Your goal
Leave every image behind and restate the data word for word.

Given information
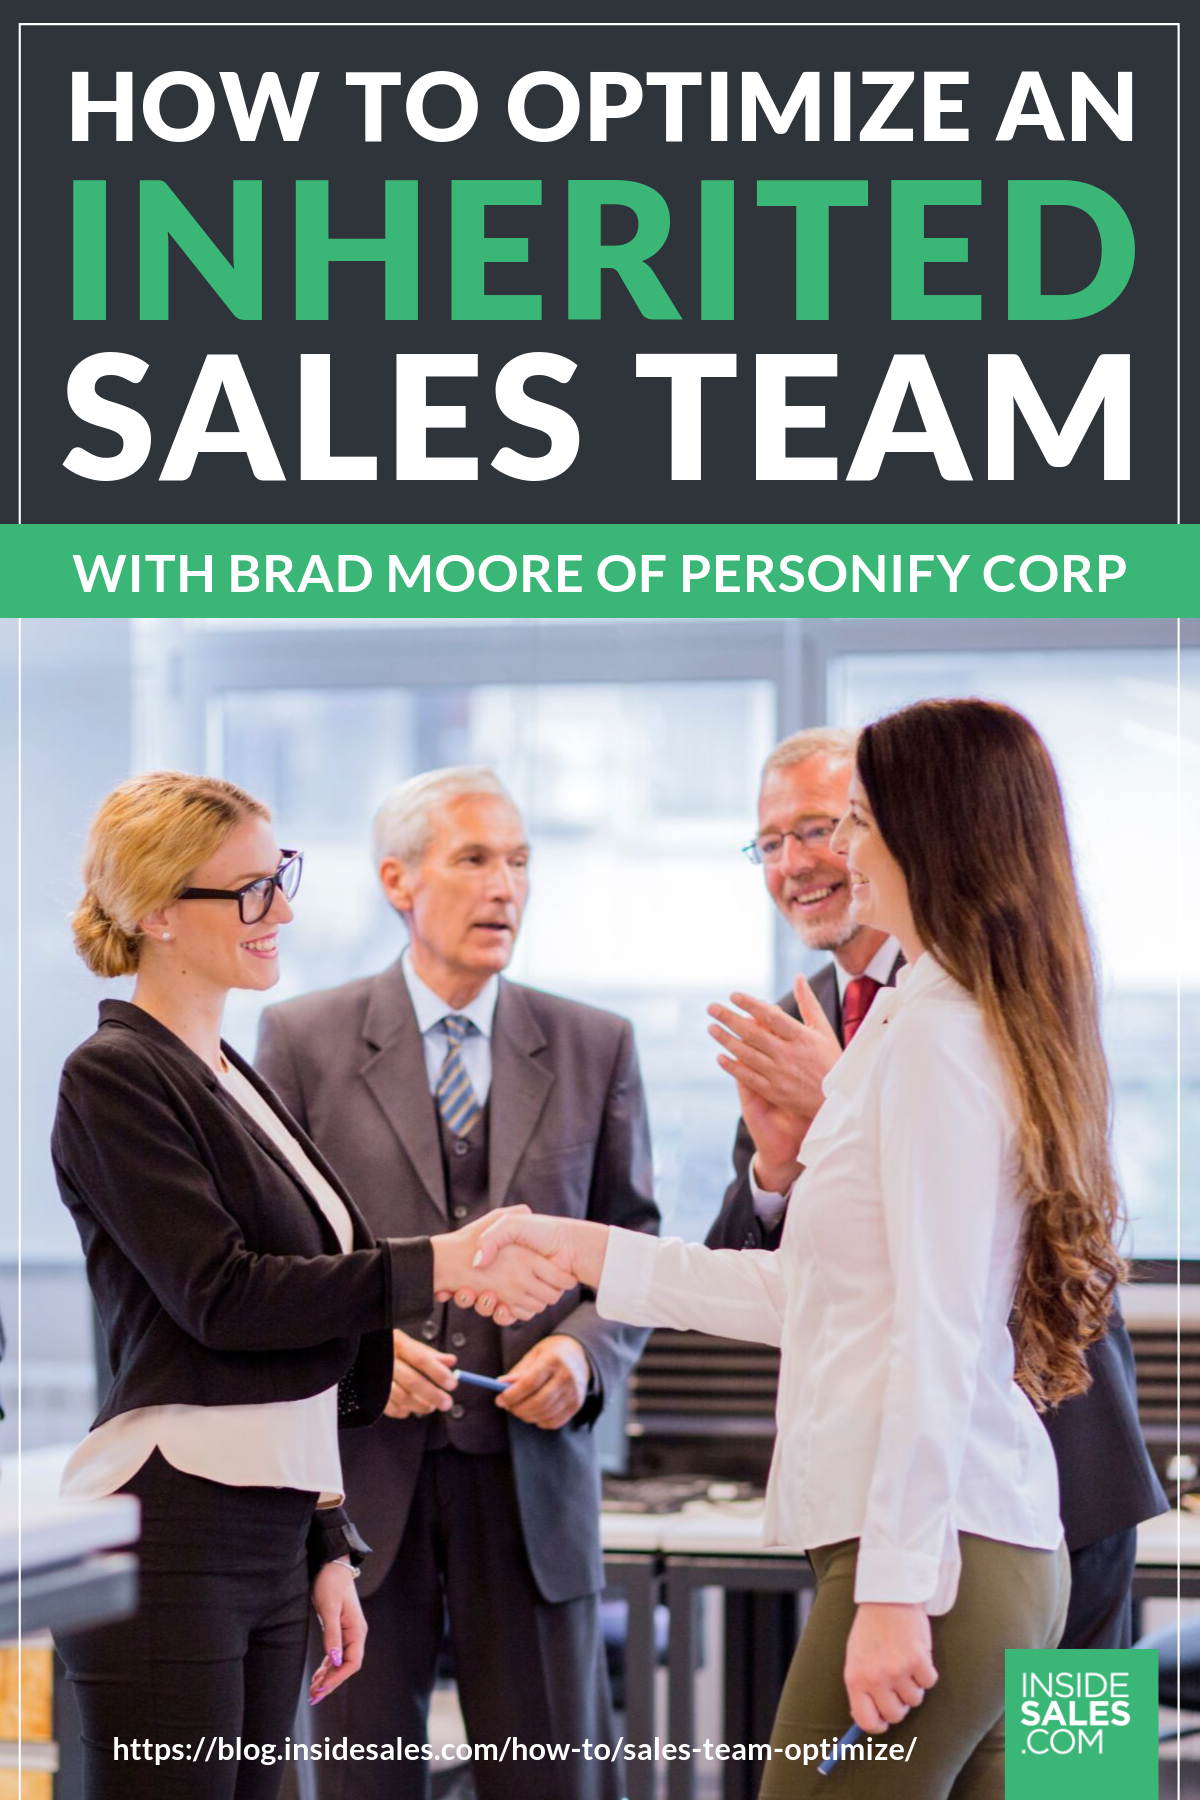 How To Optimize An Inherited Sales Team w/Brad Moore @PersonifyCorp https://www.insidesales.com/blog/how-to/sales-team-optimize/
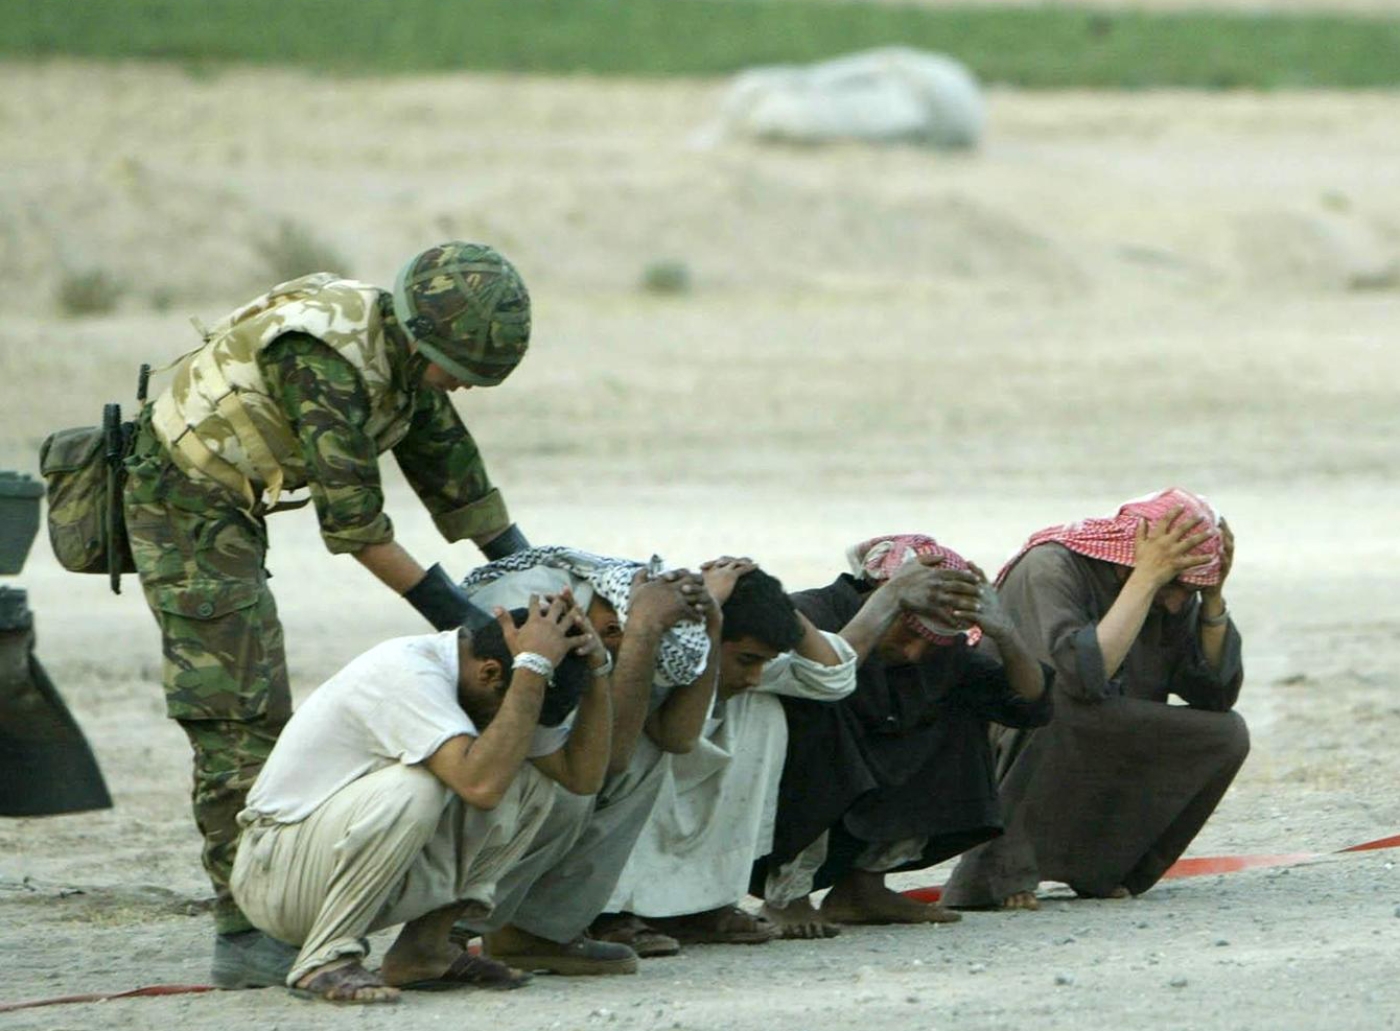 A British soldier searches Iraqis at a checkpoint on the road to Basra in 2003
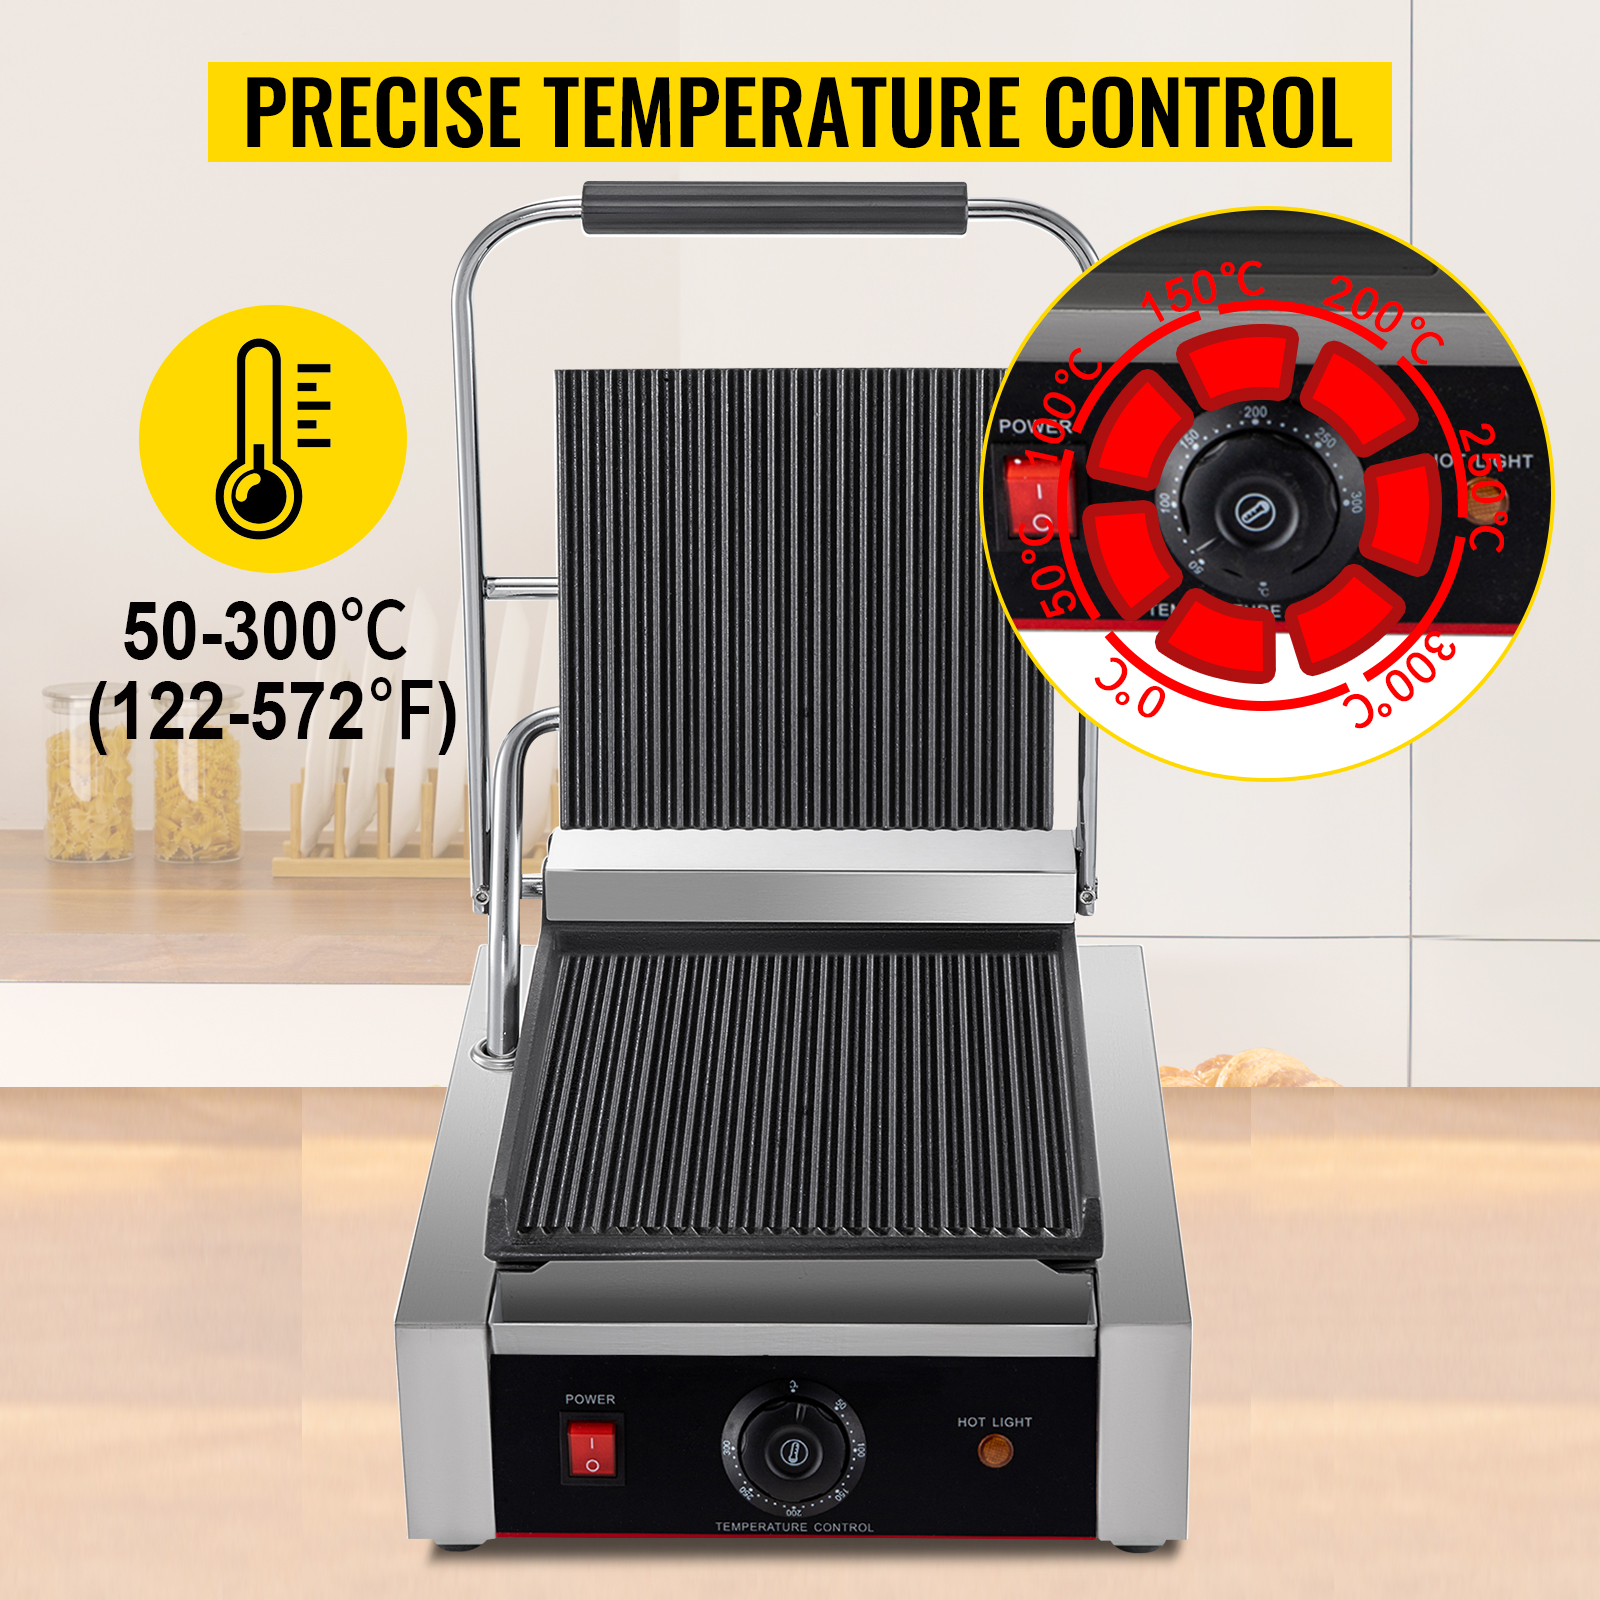 VEVOR Commercial Sandwich Panini Press Grill, 2X1800W Double Flat Plates  Electric Stainless Steel Sandwich Maker, Temperature Control 122°F-572°F  Non Stick Surface for Hamburgers Steaks Bacons.

Your response
 How To Optimize An Inherited Sales Team w/Brad Moore @PersonifyCorp https://www.insidesales.com/blog/how-to/sales-team-optimize/
 A British soldier searches Iraqis at a checkpoint on the road to Basra in 2003
 VEVOR Commercial Sandwich Panini Press Grill, 2X1800W Double Flat Plates  Electric Stainless Steel Sandwich Maker, Temperature Control 122°F-572°F  Non Stick Surface for Hamburgers Steaks Bacons.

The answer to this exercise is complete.